Two consequences follow:

  • The weakest governing domain caps the function. A function’s earned autonomy ceiling is set by its least-mature governing domain. You cannot delegate triage (L3) if you cannot measure the triage agent’s decisions (D3 immature), even if every other domain is strong.
  • The model is prescriptive. Each function reports three values: current autonomy, the maturity-justified ceiling, and the gap. Operating above the ceiling is the failure mode; operating below is headroom. To raise a function’s autonomy, the model names the binding domain to mature next.

The exact maturity thresholds are calibratable; the correspondence above is the starting anchor, not a fixed constant (see Open questions).

Org-profile right-sizing

The autonomy targets and domain expectations are right-sized across three bands. Maturity is scored against the organization’s scale and risk, never an enterprise absolute.
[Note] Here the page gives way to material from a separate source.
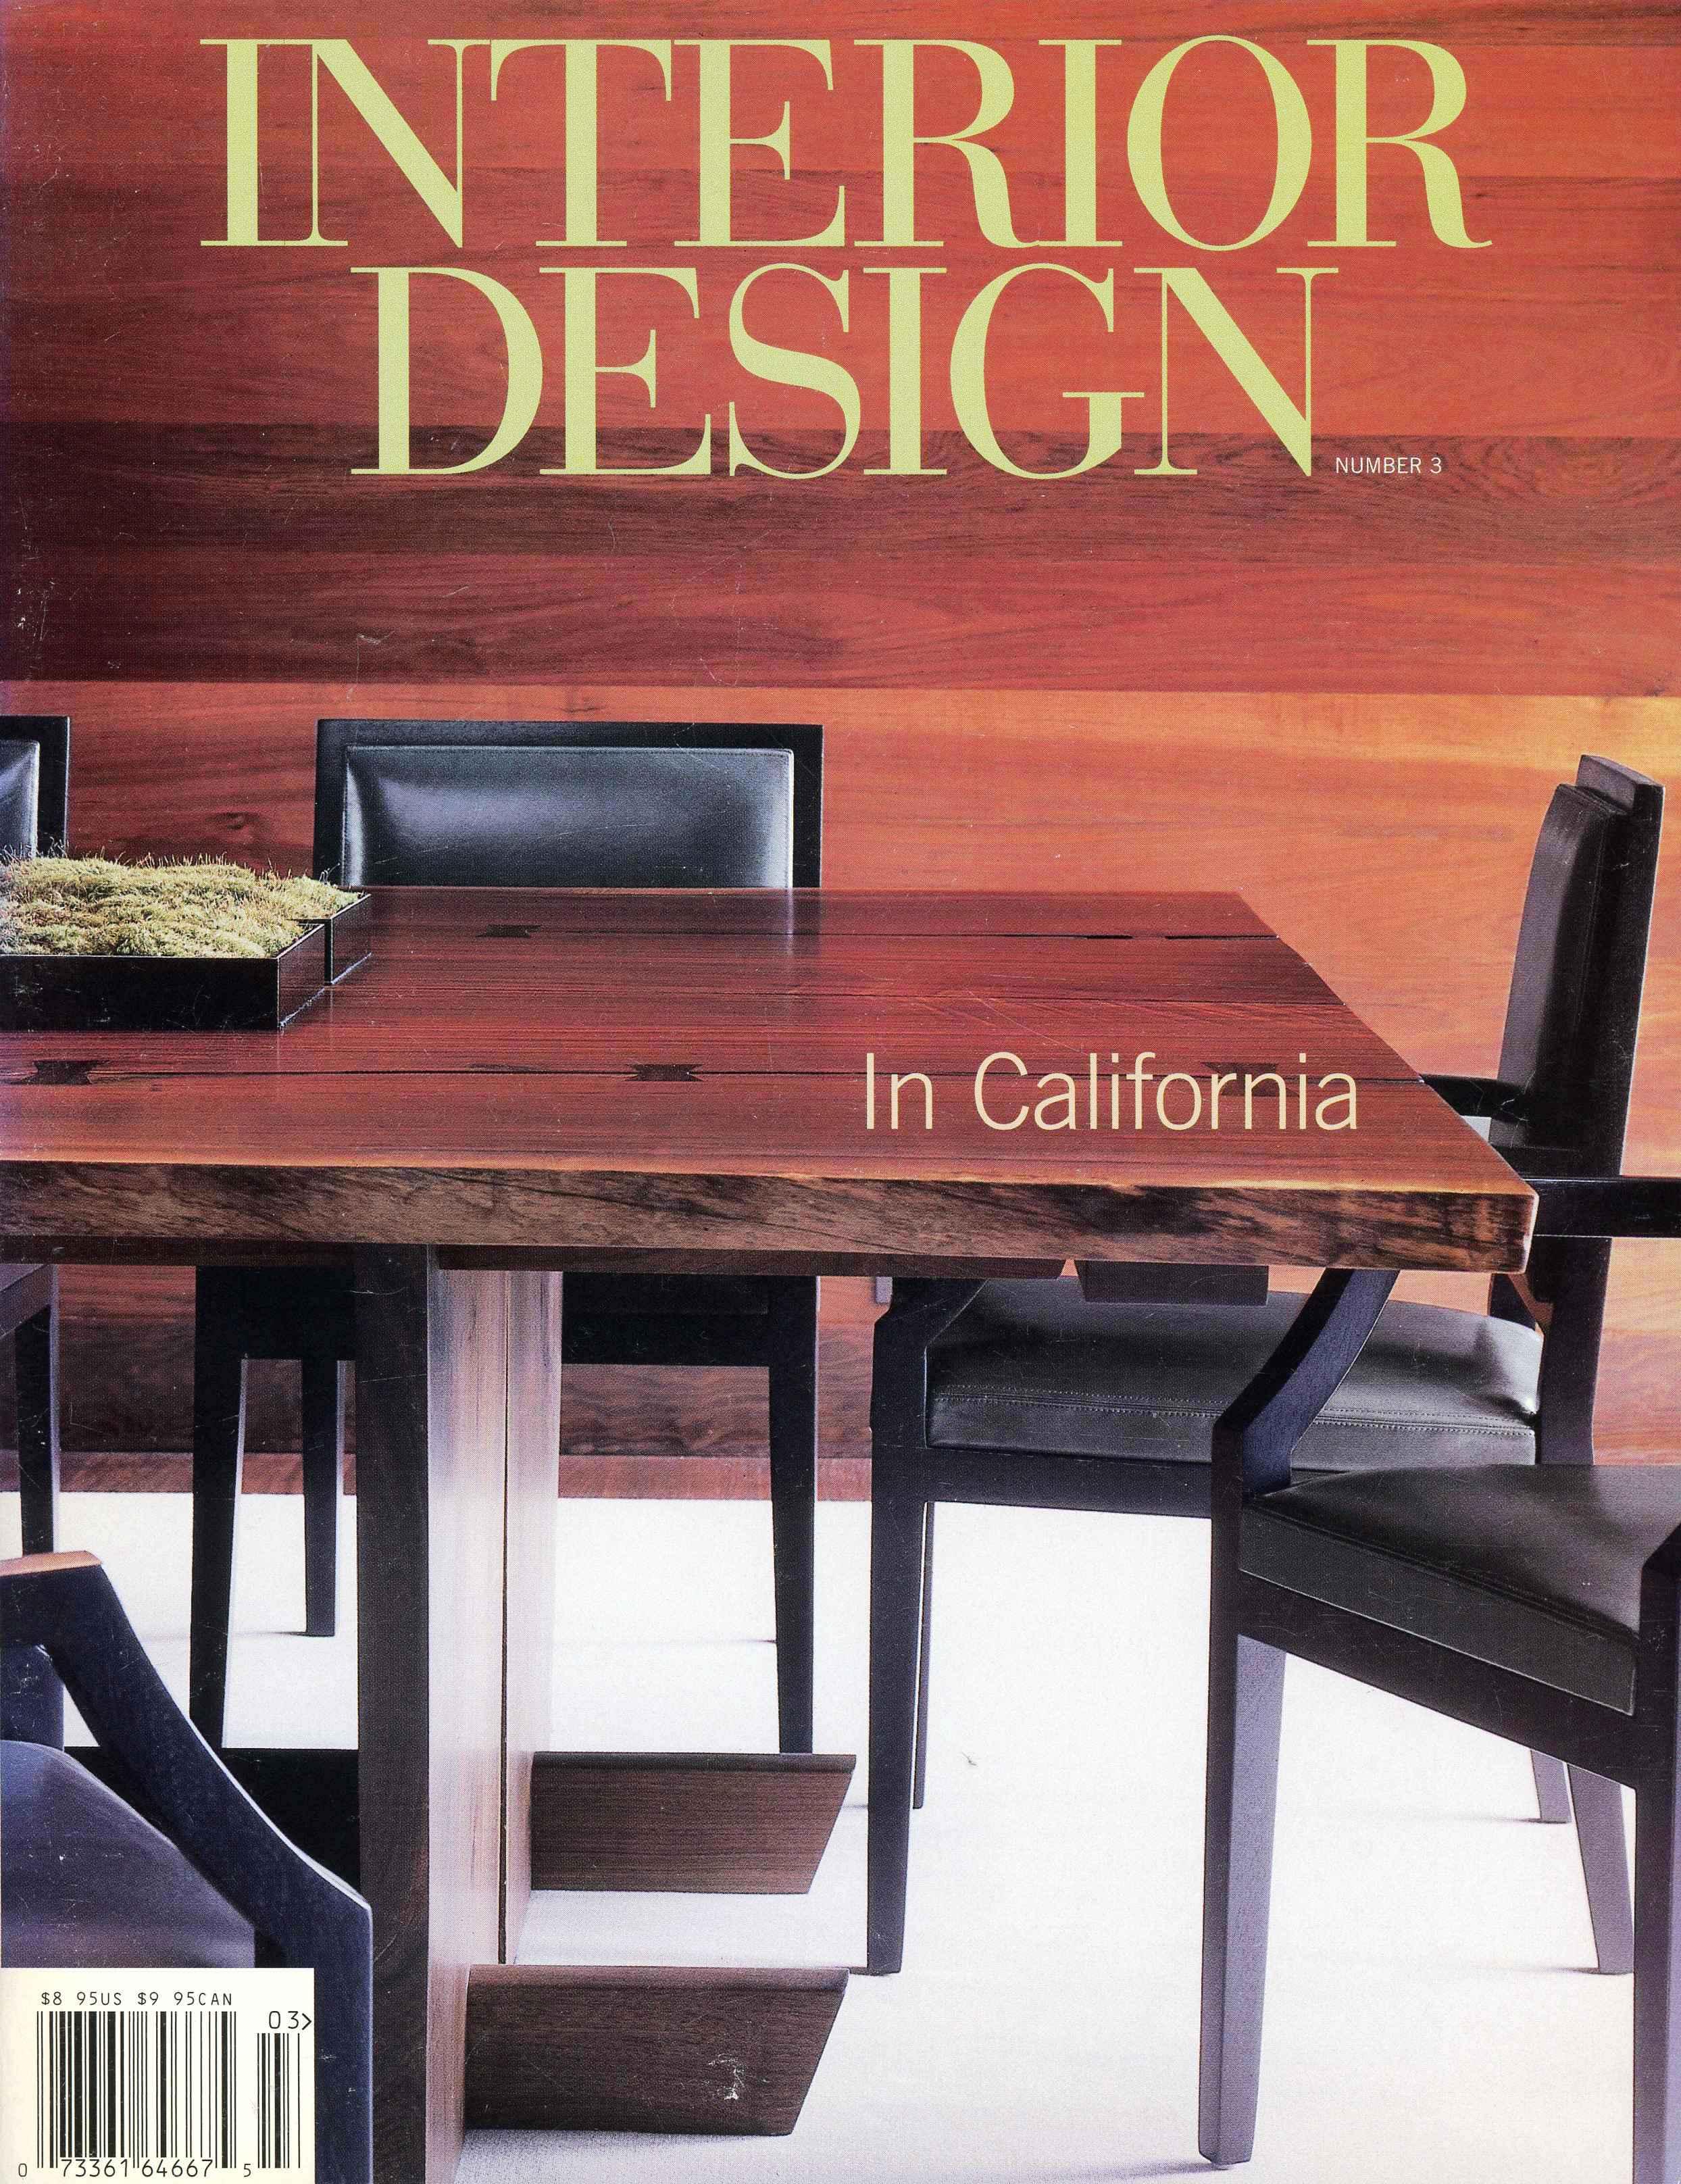 Int Design_Mar 02 Cover.jpg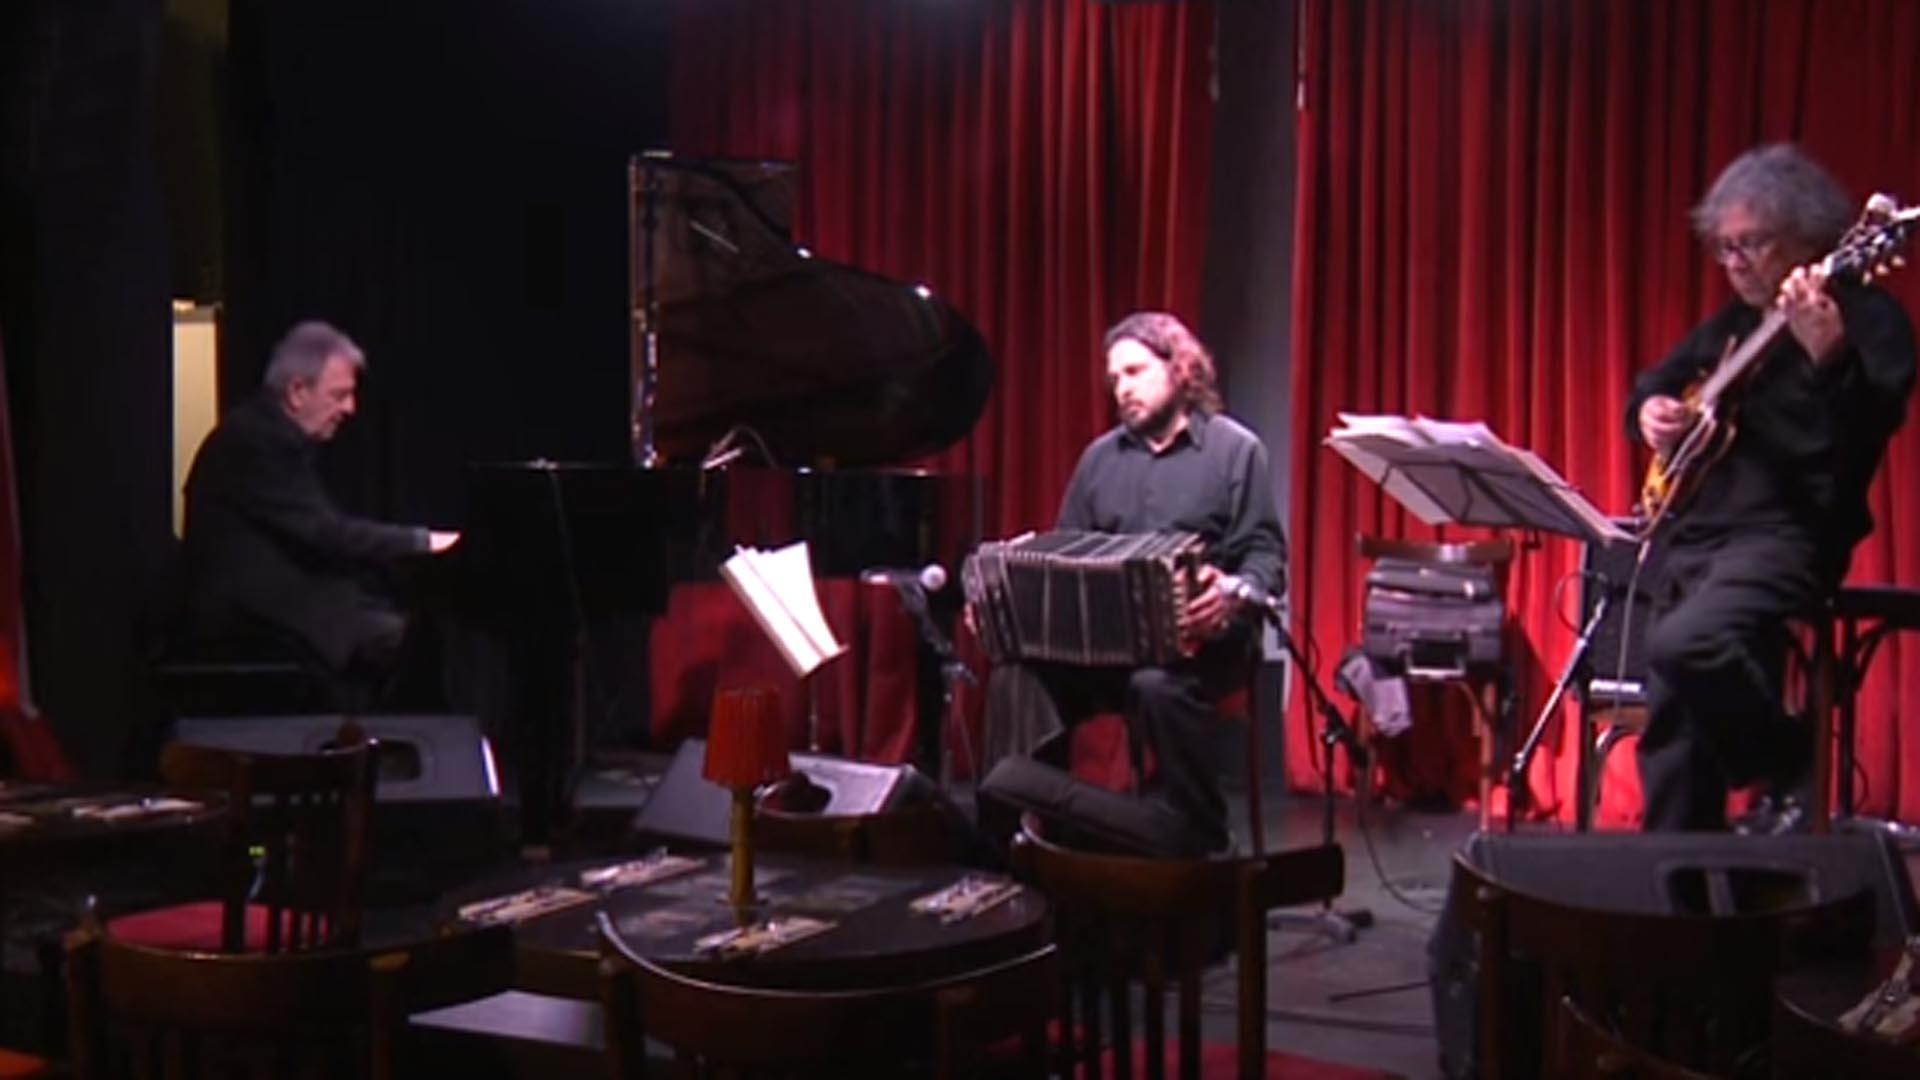 El argentino Pablo Ziegler triunfó en jazz latino — Premios Grammy

BandRealityPath to maturity
Solo / smallNear or below the Cyber Poverty LineBorrow capability (ISACs, MSSP/MDR, sector groups); use AI as a barrier-lowering enabler — agentic automation reachable without the expensive playbook and ETL engineering that gated traditional SOAR/SIEM — plus a few well-gated agents
MidIn-house SOC, constrainedSelective AI delegation on high-volume functions; deterministic enforcement does the heavy lifting
EnterpriseFull agent fleetFormal cross-functional alignment, broad delegation, dedicated evaluation and governance

The floor is minimum viable resilience (the Mythos-ready entry tier: realign cost-of-exploitation, early-detection, and blast-radius measures before chasing maturity). A small team running fewer functions at lower autonomy is right-sized, not immature; this is also why People & Governance (D8) reads as informal at small scale and formal at enterprise scale rather than as two separate domains.

Crosswalks

  • SOC-CMM: the incumbent SOC maturity standard, which does not yet model AI. This model extends it; the MDPI survey supplies a worked mapping of autonomy levels onto SOC-CMM maturity that the gating rule reuses.
  • NIST IR 8596: its “Defend” focus area (AI-enabled cyber defense, on the CSF 2.0 Core) is the normative anchor for this model’s scope; the CMM domains map their outcomes against it rather than restating them.
  • MITRE ATT&CK + D3FEND + ATLAS: D6 Tradecraft scores detection coverage against the offensive (ATT&CK), defensive (D3FEND), and AI-system (ATLAS) technique catalogues — the last covering attacks on the in-house AI-application surface.
  • Agentic AI Security CMM: the shared-layer domains (D4, D5, D7, D8) secure the SOC’s own agents like any other non-human identity; this model cross-references that pair rather than duplicating it.
  • Mythos-ready Security Program: its risk register and Priority-Actions table are the CISO-program-level companion; this CMM scores the SOC capabilities several of those actions build.

Per-domain deep dives

Each domain has a deep-dive page carrying the “how”, the way the application-security CMM did: a dated control landscape, level-by-level criteria, right-sizing by org profile, dated vendor and FOSS tooling maps, and a cost/barrier model. This page fixes the framework they hang from.

Open questions and gaps

Calibration and forthcoming pieces

  • The gating thresholds (which domain maturity supports which autonomy level) are anchored to the MDPI ↔ SOC-CMM correspondence but not yet empirically calibrated. The Gartner evaluation criteria and DefenseBench are candidate calibration signals.
  • The per-domain level criteria and cost models are wiki-internal calibration, not an externally ratified standard; each deep dive flags this and will firm up as the model is applied.
  • D6 Tradecraft scores coverage against D3FEND, which is itself thin on AI-era defensive techniques (agent supervision, evaluation-gating, intent attribution, deception against AI attackers) — a named contribution opportunity tracked in the D3FEND AI-defense technique gap.